§ **What the task requires**
Word for word, copy the entire listing below, but do not carry over any pictures.
»»
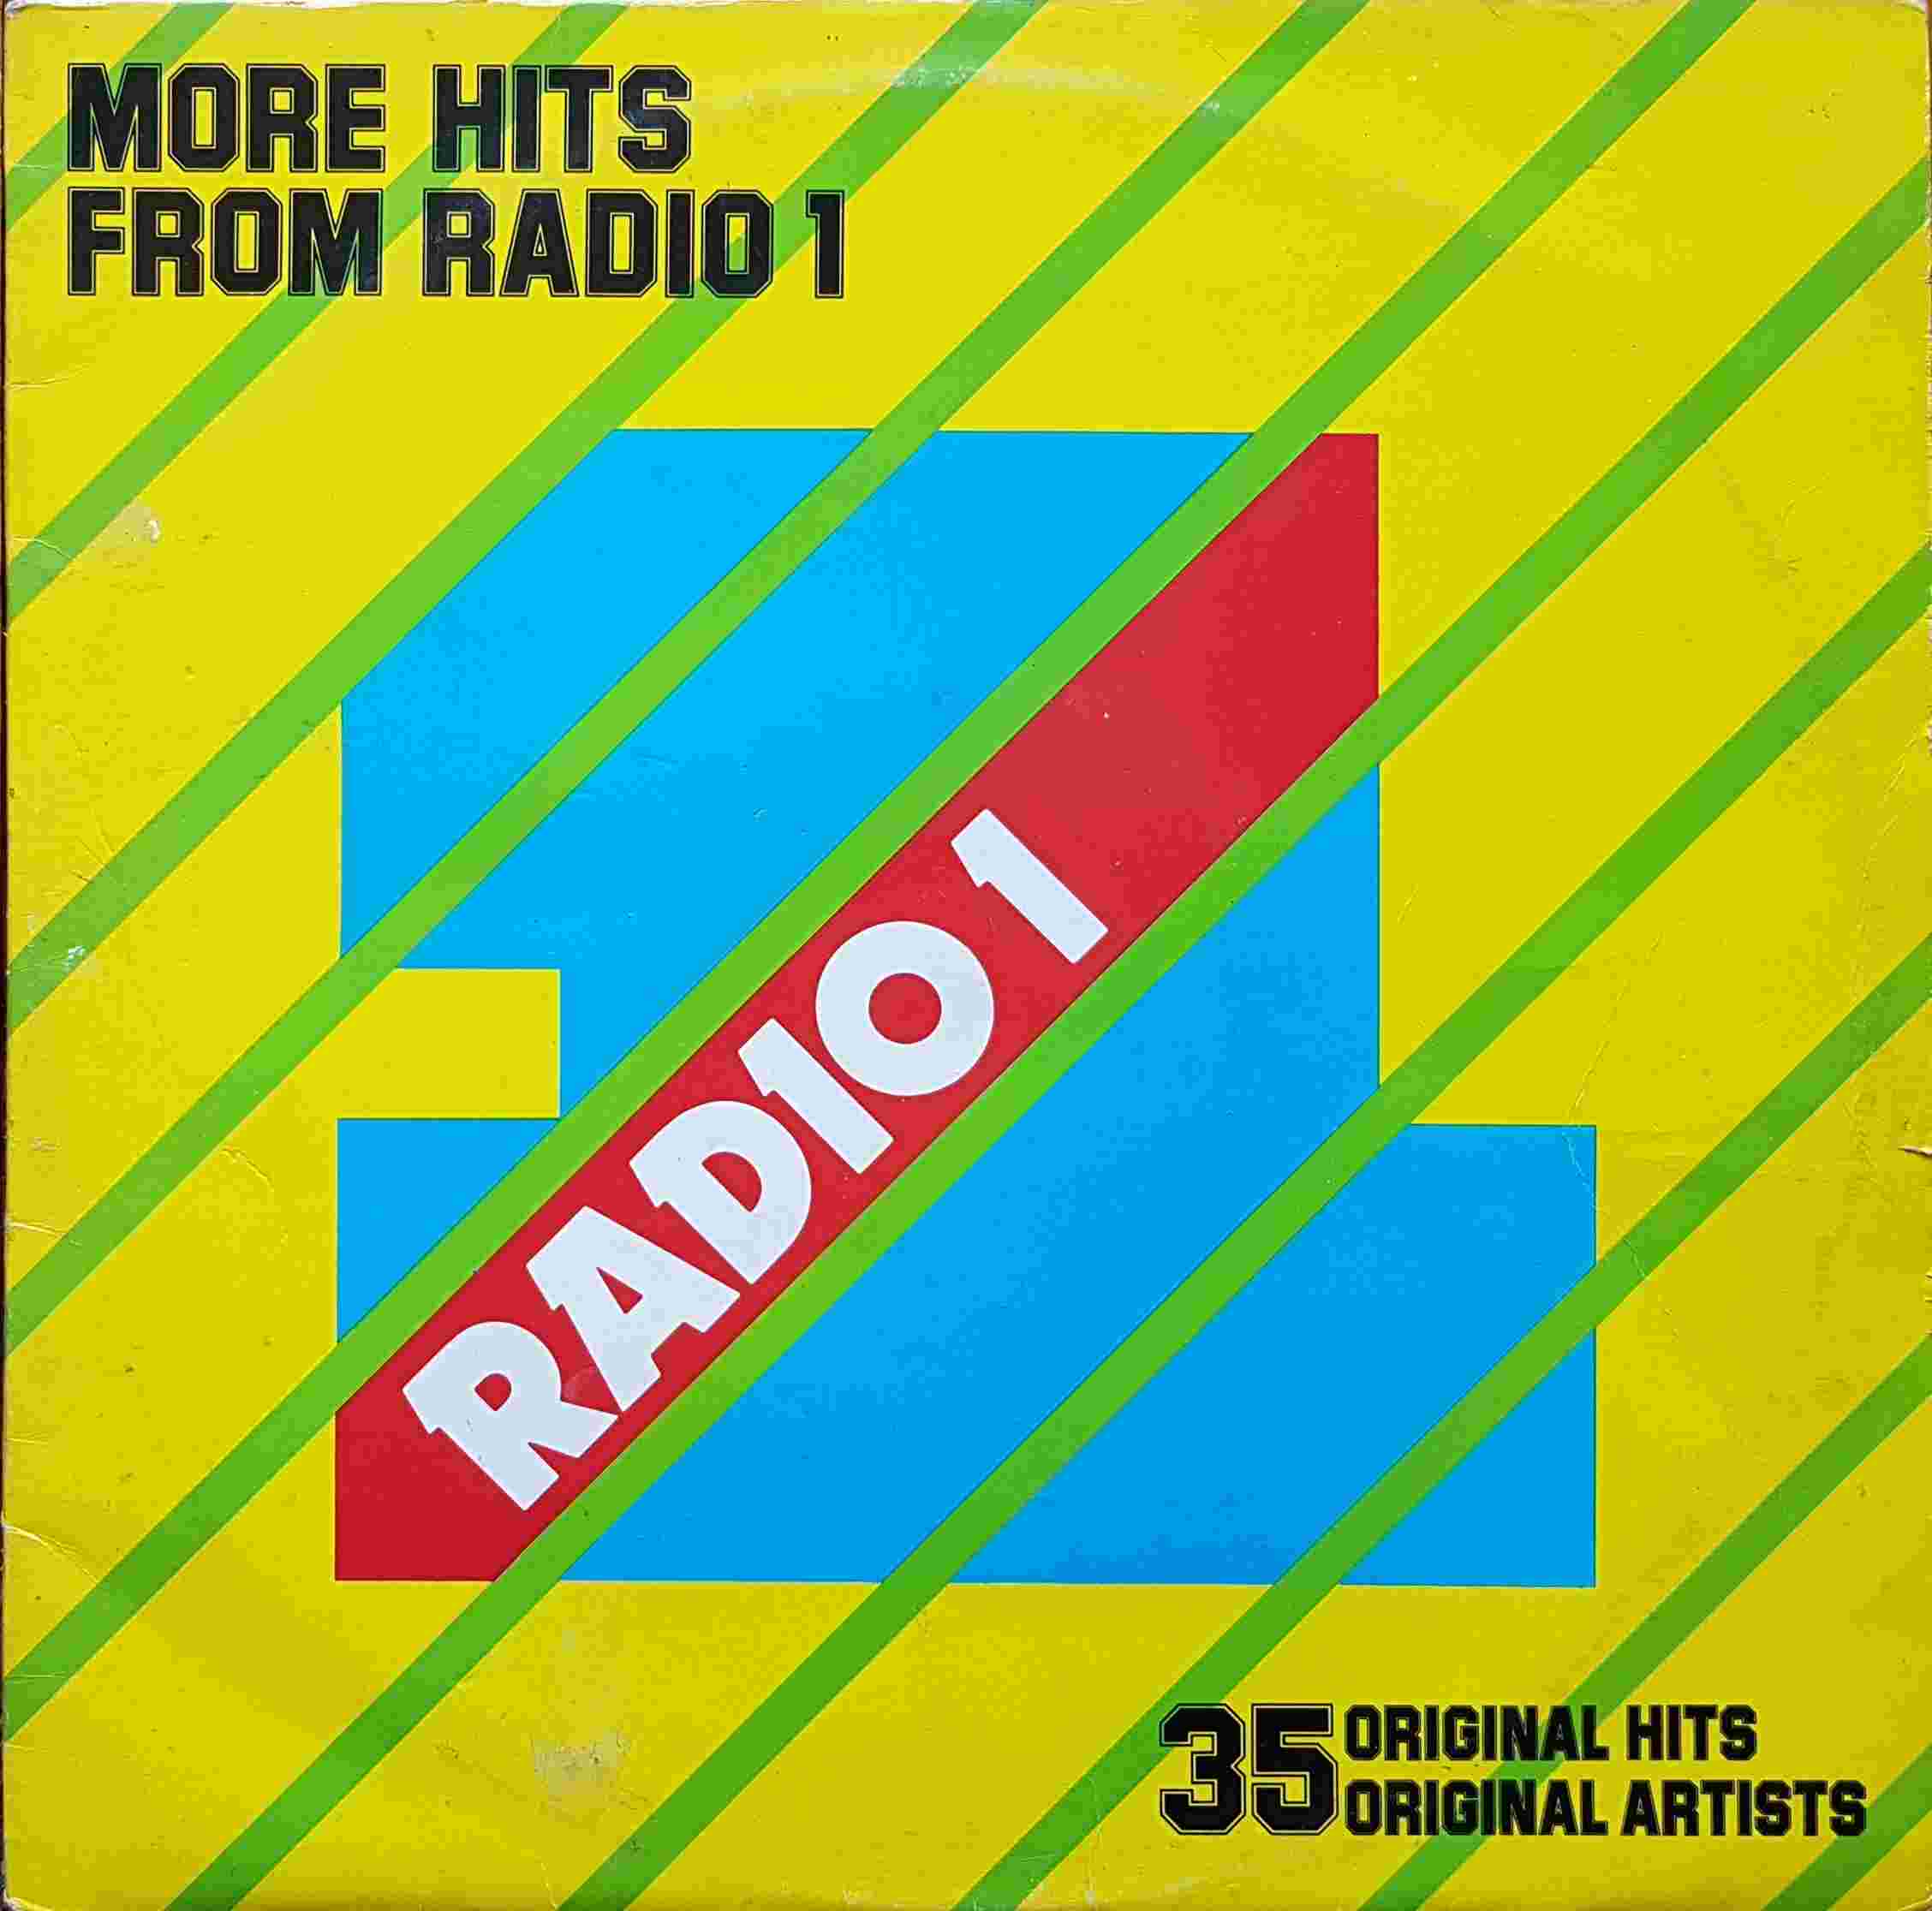 Picture of More hits from Radio 1 by artist Various from the BBC albums - Records and Tapes library
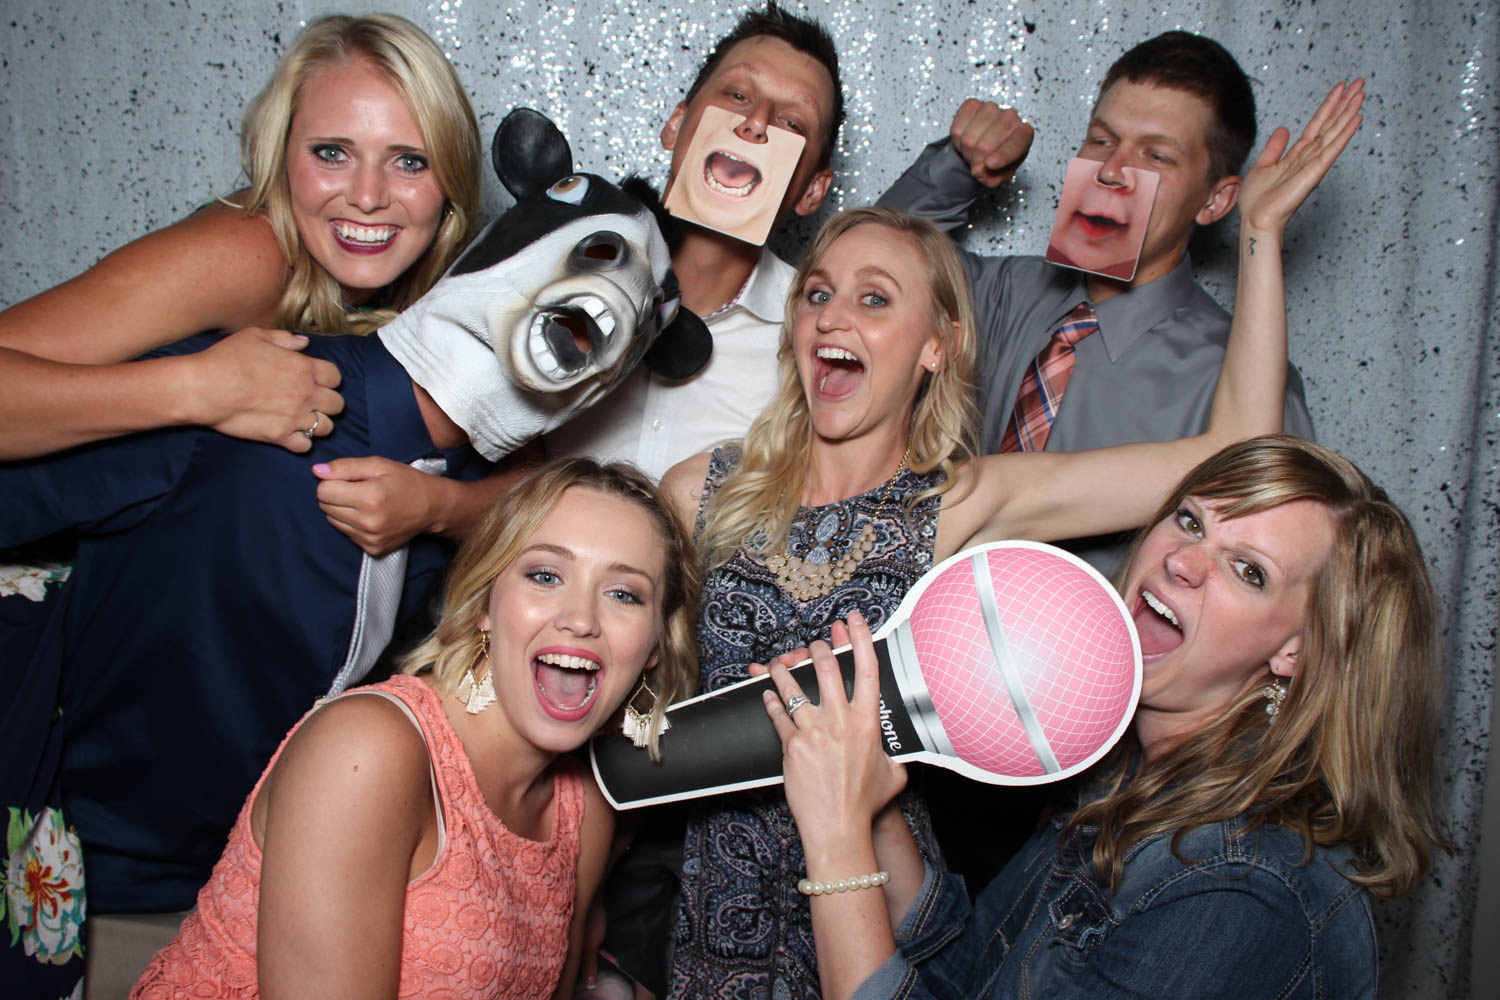 Bryan & Annalee's Wedding Photo Booth at the Park Ballroom in New ...
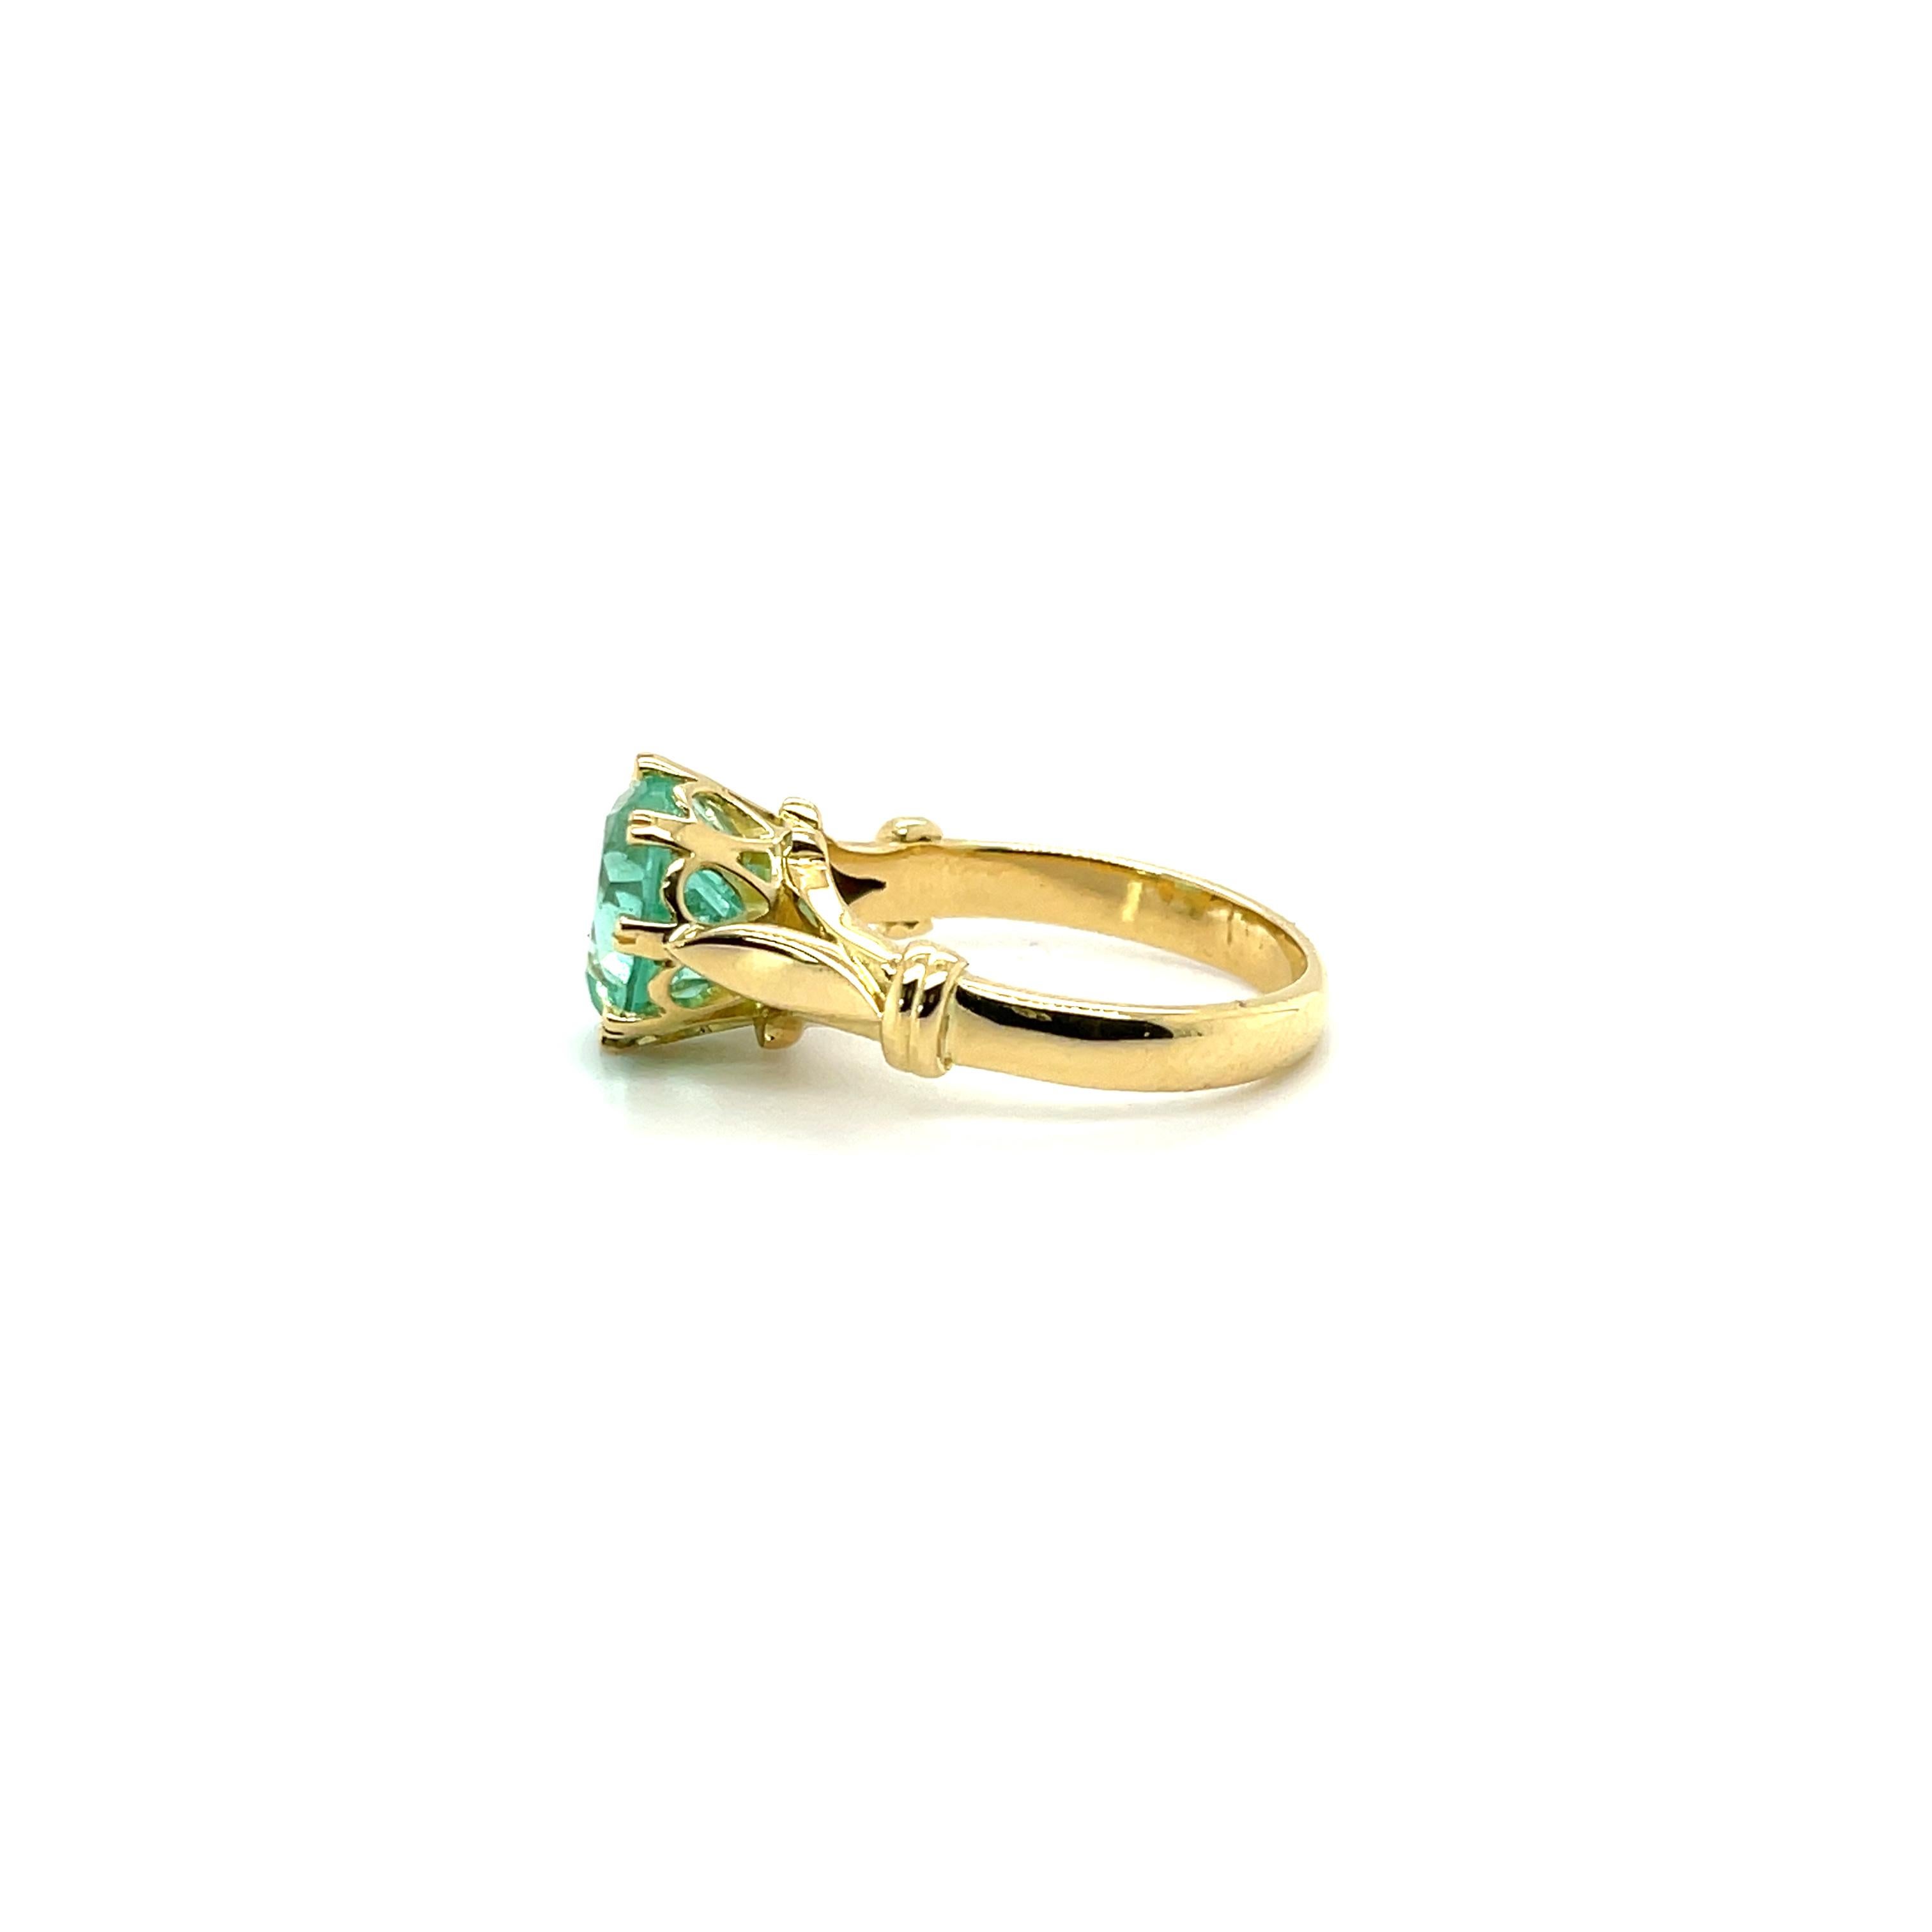 Gorgeous Colombian Emerald solitaire ring, crafted in eighteen karat yellow gold , complimented by a stunning polished finish design. 


One ladies - 18ct yellow gold dress ring, narrow, half round shank with underrail, leaf-
shaped shoulders,
««
§ **Written reply**
 Picture of More hits from Radio 1 by artist Various from the BBC albums - Records and Tapes library
 Bryan & Annalee's Wedding Photo Booth at the Park Ballroom in New ...
 Gorgeous Colombian Emerald solitaire ring, crafted in eighteen karat yellow gold , complimented by a stunning polished finish design. 


One ladies - 18ct yellow gold dress ring, narrow, half round shank with underrail, leaf-
shaped shoulders,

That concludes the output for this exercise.